Finding noncovalent inhibitors of BFL1 was also expected to be difficult, but fortunately the protein contains a unique cysteine (C55) in the protein-protein binding site, facilitating both covalent attachment and selectivity. As we mentioned last week, the protein was screened against the emerging AstraZeneca covalent library, resulting in the discovery of several hits, including compound 8. Its optimization is described by Simon Lucas and colleagues in the first J. Med. Chem. paper.

Compound 8 showed promising kinact/KI for BFL1 as well as micromolar inhibition in a TR-FRET assay using a BIM-derived peptide. Crystallography was initially unsuccessful, but synthesis of close analogs led to compound 13, which is slightly more potent and could be co-crystallized with the protein. The structure confirmed covalent binding and revealed that one of the phenyl rings binds in a lipophilic pocket created by movement of a phenylalanine side chain.

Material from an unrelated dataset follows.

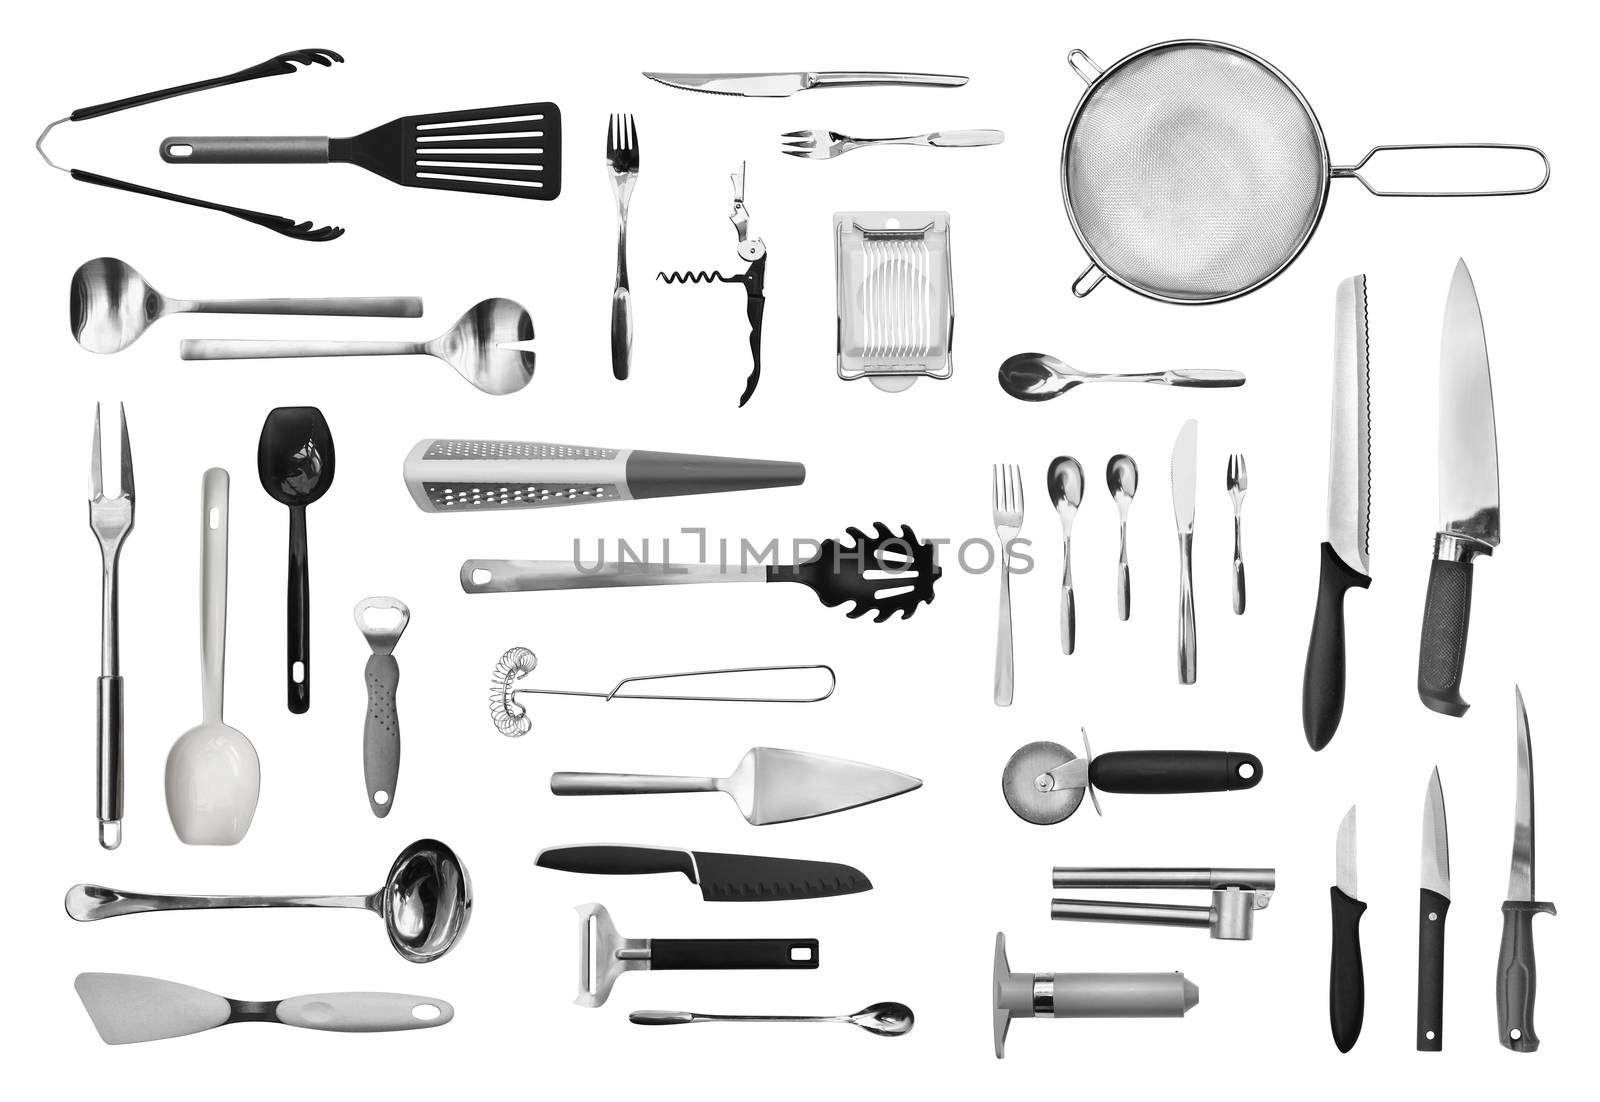 Realistic kitchen equipment and cutlery collection isolated on white

To explore more regions of the protein-protein binding site, the researchers performed a high-concentration crystallographic screen with 384 non-covalent fragments. This yielded nine hits, four of which made hydrogen bonds with a glutamic acid side chain (E78) that had previously been targeted by others. To try to engage with this residue, the researchers modeled and synthesized a series of amine-containing molecules. Happily, one of the highest priority compounds gave a ten-fold boost in potency. Adding a methyl to the benzylic position and tweaking substituents around one of the phenyl rings ultimately led to compound (R,R,S)-26, the best molecule in this paper.
 
Because C55 is unique to BFL1, the hope was that compounds would be selective against other BCL2 family members, and indeed (R,R,S)-26 showed no activity against BCL-xl, BCL2, or MCL1. In vitro ADME parameters were encouraging, and the molecule also showed moderate bioavailability in mice. (R,R,S)-26 showed some cellular activity, though a mass-spectrometry assay showed only ~50% target engagement in cells after treatment at 10 µM for five hours.
 
The second J. Med. Chem. paper, by Adeline Palisse and colleagues, describes further optimization. Structure-based design was supported by “multiple X-ray cocrystal structures,” and as in the first paper the researchers consistently measured the half-life of new molecules against the cellularly abundant thiol glutathione to ensure they were not simply optimizing non-specific reactivity. The paper is an excellent blow-by-blow account of some of the challenges of medicinal chemistry: improving activity at the expense of stability or permeability, for example. The most potent compound has kinact/KI = 120,000 M-1s-1, but the hepatocyte stability data suggested it would be rapidly cleared.
 
In the end, compound 20 was chosen as the best overall molecule, with a kinact/KI comparable to that of the approved drug sotorasib. As with (R,R,S)-26, it showed no activity against BCL-xl, BCL2, or MCL1, and it was also clean against a panel of 48 kinases and fairly clean against a panel of other potential off-target proteins.
 
Among the several BCL2 family members, the protein MCL1 can also bind to BIM, thereby blunting the effects of inhibiting BFL1. Thus, the researchers performed cell assays in the presence of the MCL1 inhibitor AZD5991, whose discovery we wrote about here. In the presence of 0.5 µM AZD5991, compound 20 had an EC50 = 350 nM in a cell viability assay and also activated caspase 3, as expected in apoptosis. A similar effect is also seen in combination with venetoclax.
 
Pharmacokinetic studies in mice revealed that compound 20 is 55% orally bioavailable, and this combined with the other properties suggest this molecule will be a useful chemical probe for exploring the biology of BIM.